First, “but for” arguments are always insufficient as explanations of any phenomenon.  This is because every situation in a complex society has millions, billions, trillions of “but for” causes.  For any real world situation X, the number of propositions “but for ___, X would not have happened” is limited only by one’s patience.   Yet the sum of causes of a phenomenon cannot exceed 100%; you don’t make sense if you claim to have identified 237% of the causes of a phenomenon.  This is the problem of “but for” thinking: it doesn’t add up.  All of the causes of a phenomenon have to be identified and their relative weight acknowledged to explain it, yet the sum of all causes can’t go past 100% or the explanation turns into nonsense.    

Secondly, the antebellum US economy was more than the slave trade and the products of slave labor.  There was a whole lot of white labor too.  So, third, once you start to take into account all the factors that have contributed to the current status of white Americans in the US, and not just myopically look at the ones that support the preferred thesis, you have to recognize that more than millions and billions and trillions of phenomena, but probably trillions of trillions of phenomena have occurred in relation to the US economy since the slave trade ended nearly 200 years ago.  So there are almost 200 years of intervening causes.   Just mathematically, the number of subsequent factors has to confine the “but for” causes from 200 years ago to an infinitesimally small fraction of the overall roster of causes of 2015 America.   

Last, what this kind of argument overlooks is that value depreciates and gets destroyed, by the creative destruction of capitalism over time, by financial crises that occurred regularly throughout the Jim Crow era, and by real physical destruction like General Sherman’s march through the Deep South.   It’s awfully unlikely that the profits of a slave trade or the export of products of slave labor in, say, 1845, survived the Civil War, the various financial panics and recessions of the following 60 years, and the Great Depression, and the application of multiple generations of estate taxes, and the high marginal tax rates that prevailed for decades of the 20th century, and somehow just kept accruing interest right up to the present.  More likely, some got reinvested in buildings that are no longer standing, or businesses that ultimately failed or closed down for one reason or another, or deposited in banks that went bust, or taxed away, or dispersed among widows and other descendants who spent them to survive, leaving nothing for the current generation.  It’s all gone   What wealth you see today has been created other than on the backs of black people.   

The last resort of the progressive activist community in debates like these is to play the “denial card” as the author herself does in this ridiculous article, listing for example several “crazy” things that “white people do when they feel guilty” and then letting us know that “I’m not sure any of that is worse than what white people do in denial.

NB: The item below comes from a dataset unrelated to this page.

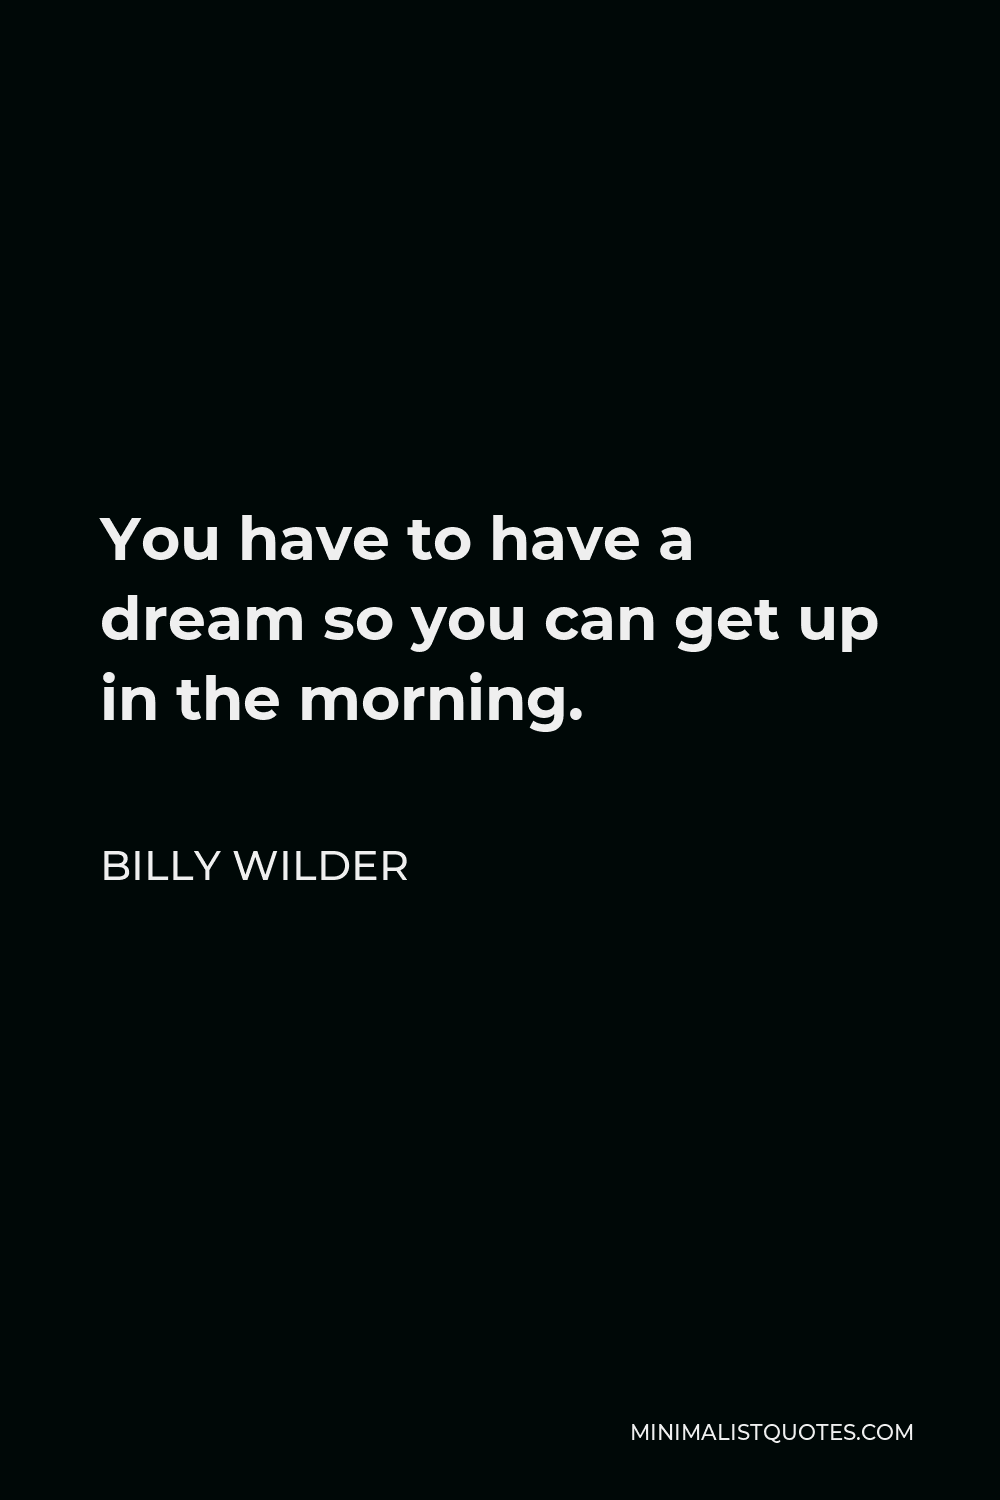 Billy Wilder Quote - You have to have a dream so you can get up in the morning.
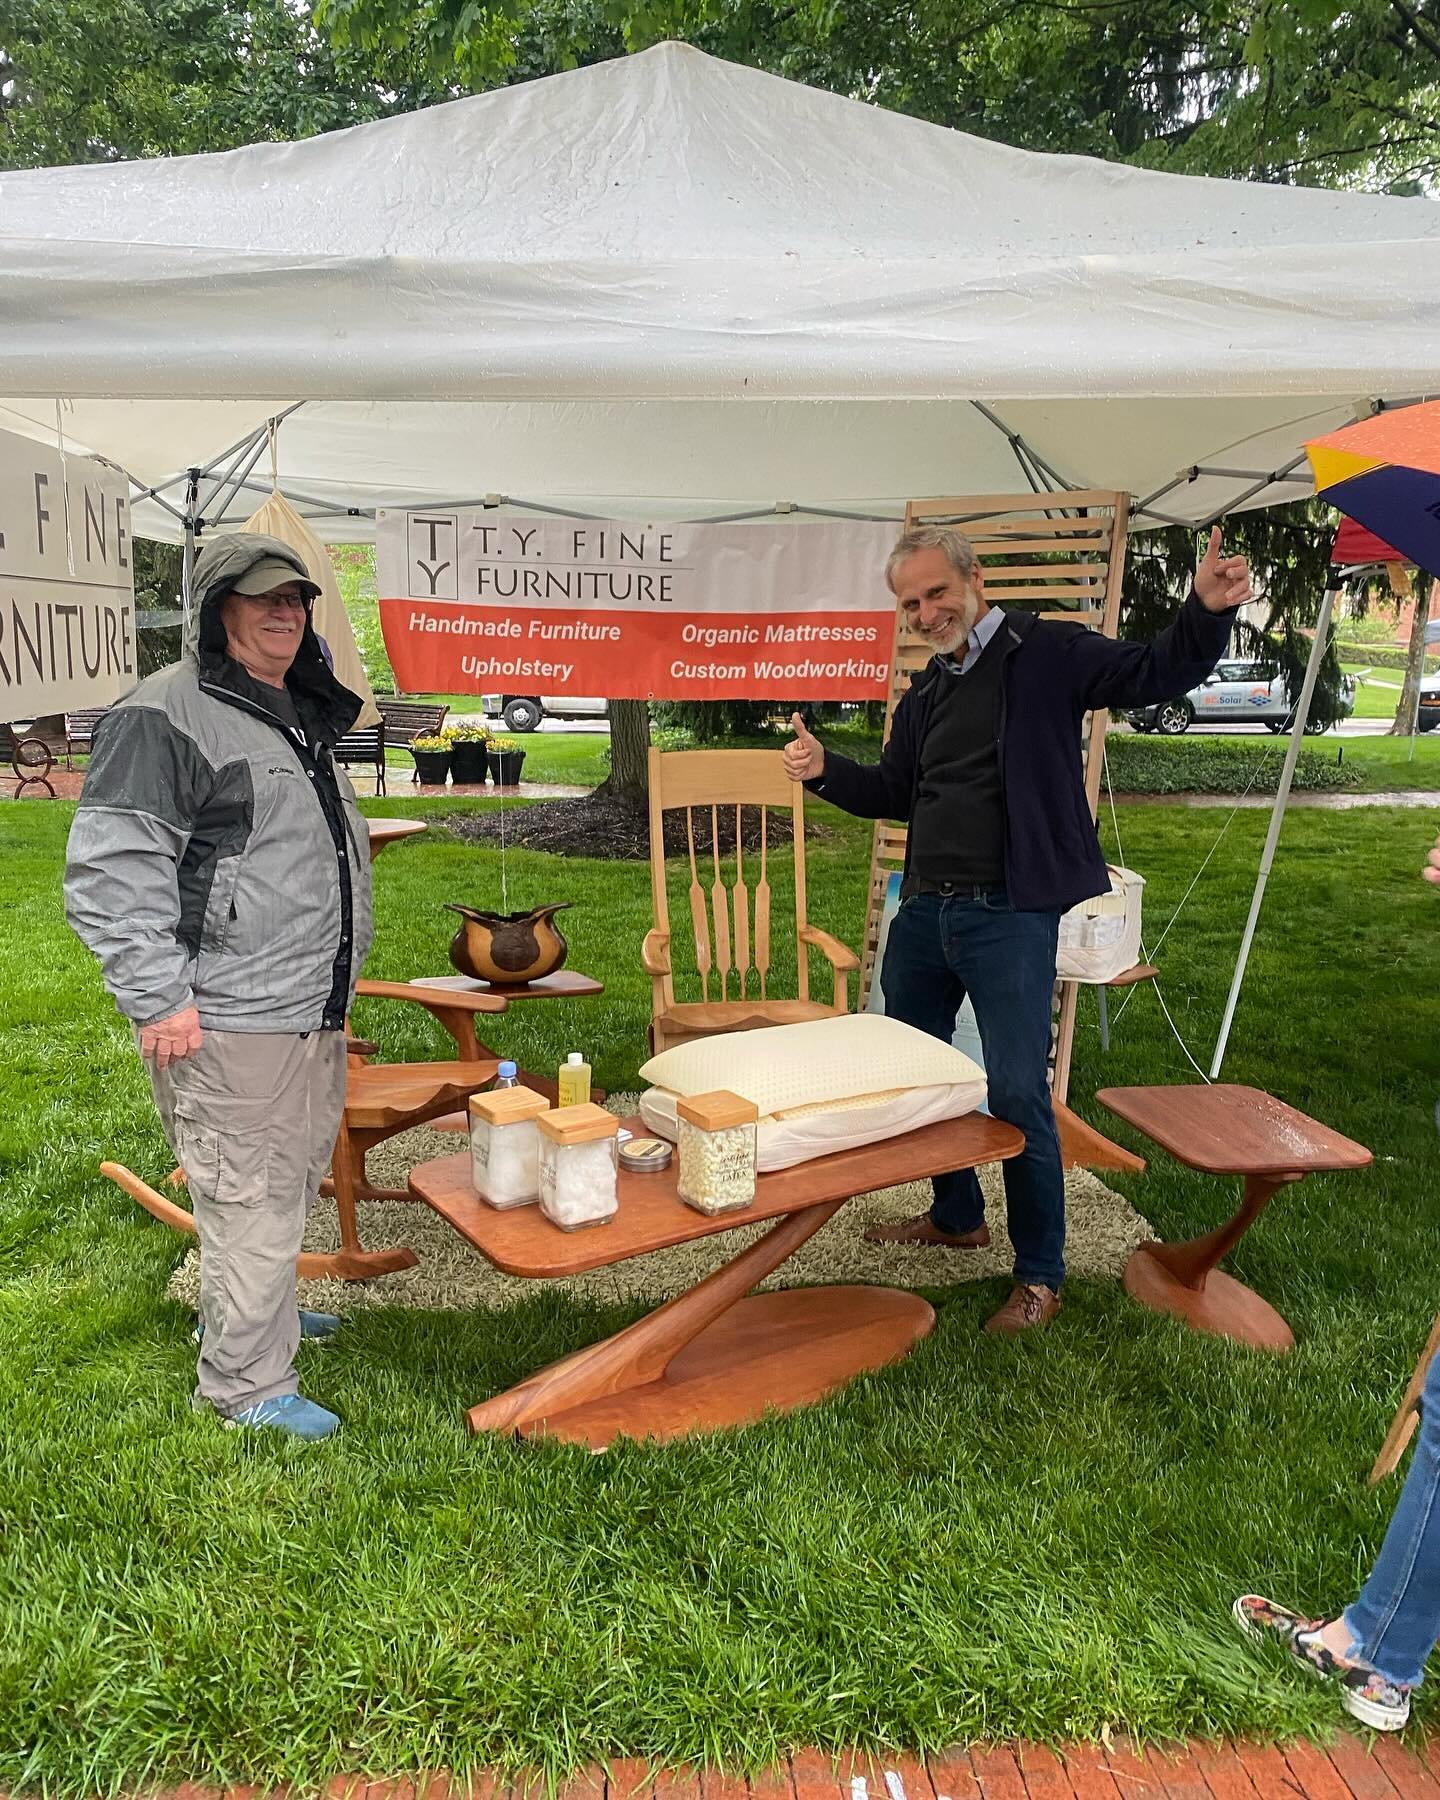 Well, rain certainly brings the green! We&rsquo;re here at Green on the Green rain or shine! Come learn about all the sustainable options available to residents! Saturday 5/11, 9am-1pm

Especially when that denial depends on a constant erasure of both the past and the present.”  This is of course, exactly what the author herself is guilty of, myopically focusing on negative events in black-white relations in America and never lifting her gaze to see the entire picture of how the people who are alive today got where we are, most of which has nothing to do with exploiting black people, nor does she see any of the good that white people have done in ways that benefit and enrich black lives in America.   That is he most important thing intelligent people can do in this context, combat the arrogant claim of people like this author to control the truth when in fact their portrayal of truth is an ideologically myopic distortion of the world we have made.